Tazzman
10-31-2003, 11:21 AM
I'm just asking because my servers have been hit with more scans in the last 12 hours than they have in the last 3 months.
I've just let it slide so far, but I think the next one that hits will have a nice email sent to their ISP.
Acecool
10-31-2003, 11:37 AM
Its halloween, maybe some people are tricking before they go treating...
Jakiao
10-31-2003, 03:49 PM
It could be an internet worm scanning your system to get in. I've noticed a strange connection to my servers through netstat -nl.
tcp 0 0 207.70.170.113:80 65.139.124.246:* SYN_RECV
It's the only ones that foreign address is an IP instead of the normal 0.0.0.0:*.
Bashar
10-31-2003, 04:05 PM
Tazzman, is it from one IP or from diff IPs?

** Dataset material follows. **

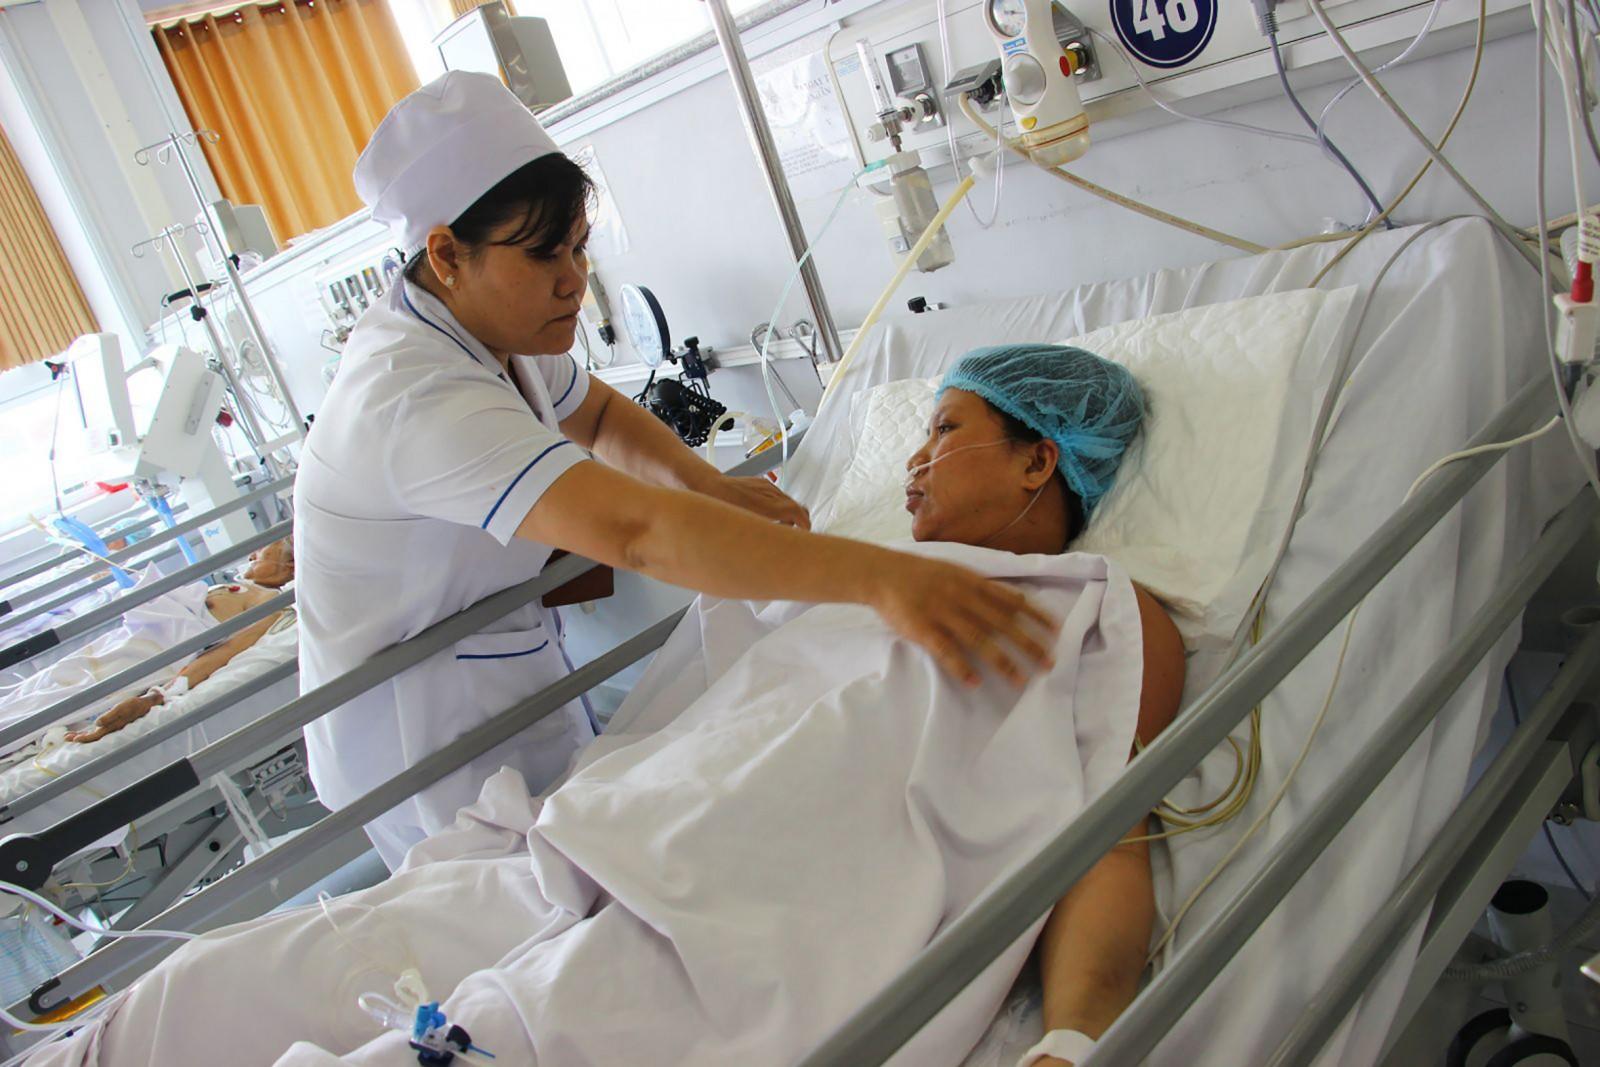 Cán bộ y tế Khoa Hồi sức tích cực chống độc chăm sóc bệnh nhân sau phẫu thuật. Ảnh: THU SƯƠNG
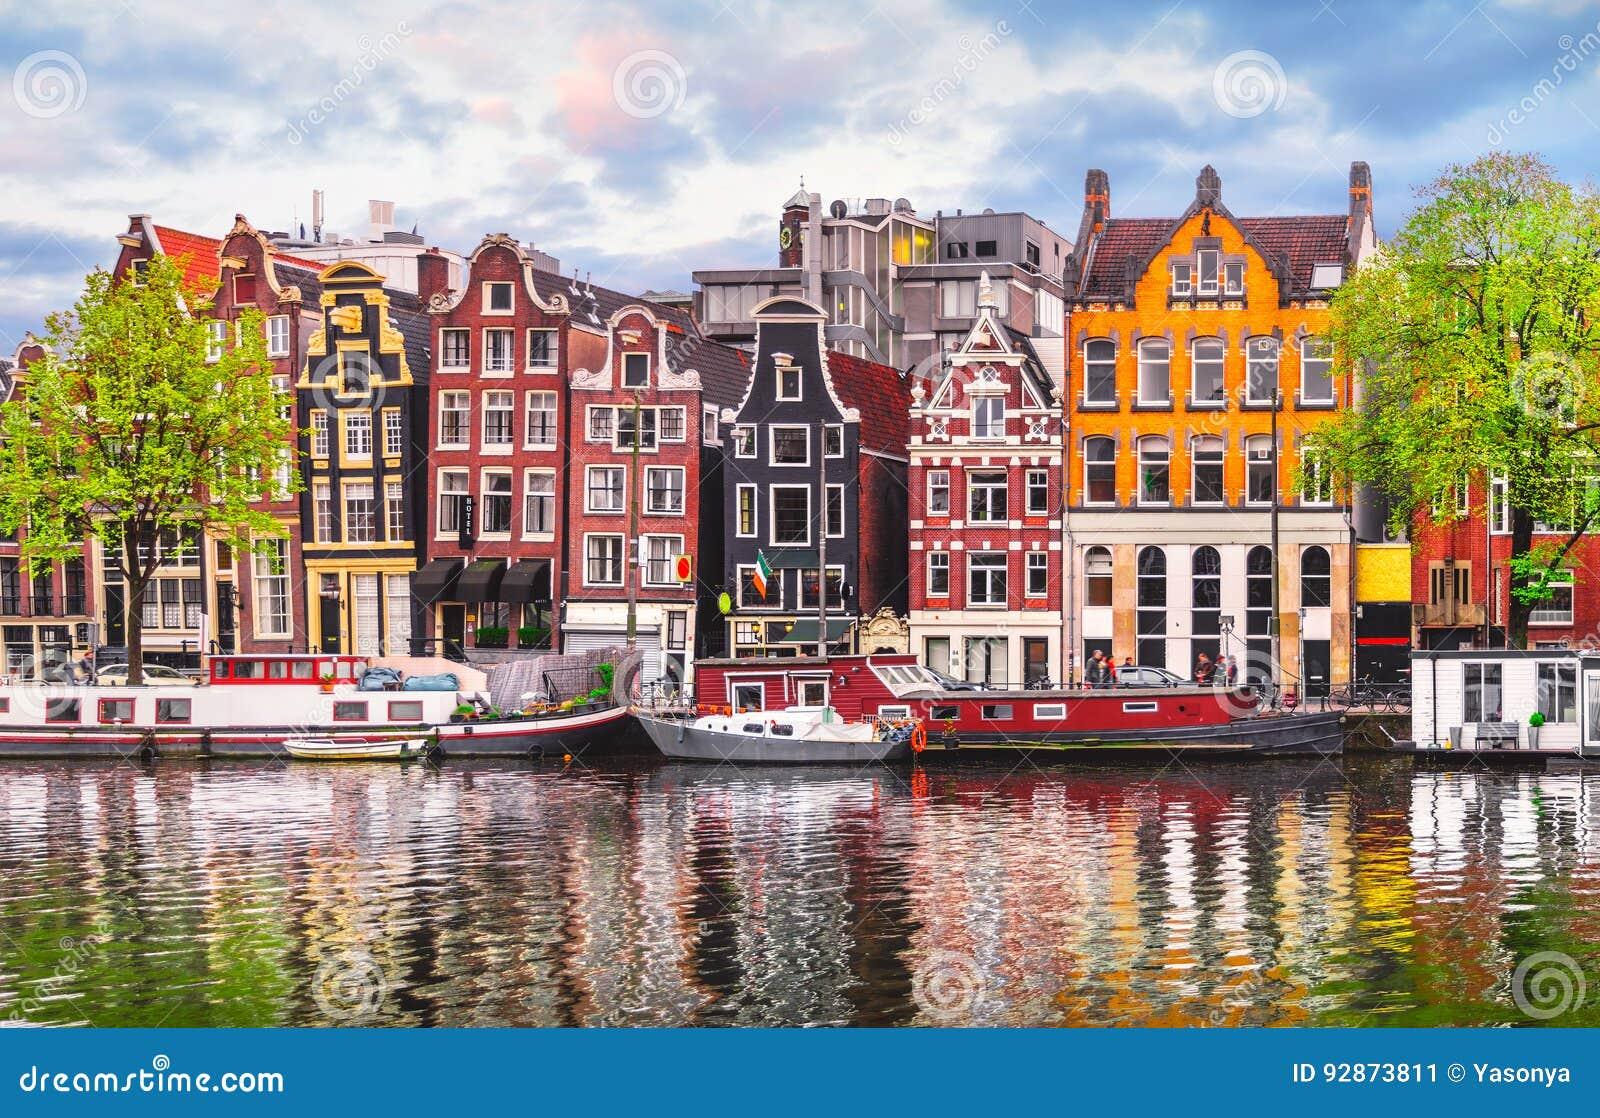 Amsterdam nederländska danshus över floden Amstel

maybe you're or one of your customers is a target and scanning all servers on your subnet
Tazzman
10-31-2003, 04:19 PM
Different IP's, about 5 of them. Seems to have stopped now. The system is set up to block them anyway if a scan is detected.
Bashar
10-31-2003, 04:36 PM
auto scan blocker?
wht kind of software is that ? :)
John[H4Y]
10-31-2003, 05:08 PM
Originally posted by Bashar
auto scan blocker?
wht kind of software is that ? :)
Bastille/psad does this, I assume other firewalls do, and intrusion detection systems.
Jakiao
10-31-2003, 05:10 PM
I agree with John; Bastille/psad is a very good program to block those. However, I must warn you to be very carefull when you configure it. Bastille can damage system config files if you get knocked off the net, or out of ssh, during final configuration. We've had systems become unbootable due to damaged config files caused because of the reasons I stated.
May I cite Phrack #53 (http://www.phrack.org/show.php?p=53&a=13) :D
"... A typical action is to block the attacking host (re-configuring access
lists of the firewall, or similar). This leads to an obvious Denial of
Service (DoS) vulnerability if the attack we're detecting is spoofable
(like a port scan is). It is probably less obvious that this leads to DoS
vulnerabilities for non-spoofable attack types, too. That's because IP
addresses are sometimes shared between many people; this is the case for
ISP shell servers and dynamic dialup pools. ..."
Portsentry (http://rpmfind.net/linux/RPM/contrib/libc6/i386/portsentry-1.0-4.i386.html) is such a "detector". Be careful in use, e.g. write your nameservers and your gateway into the whitelist, not to get your server "cut off" the net!
Another severe problem is the growth of the blocking list, so I wrote a seperate tool to minimize this (attool (http://www.buchzik.de/forum/read.php?f=4&i=11&t=11), a Scheduled- Job commandline-wrapper): every event in Portsentry fires two (hmmm or three? ;)) commands; one to set the iptables-rule, and a second to delete it after a month ...
Michael
Tazzman
10-31-2003, 06:36 PM
I'm using PSAD, indeed. Thanks for the tip on adding the server IP's to the whitelist, will do so shorty.
Might have a look at your attool too.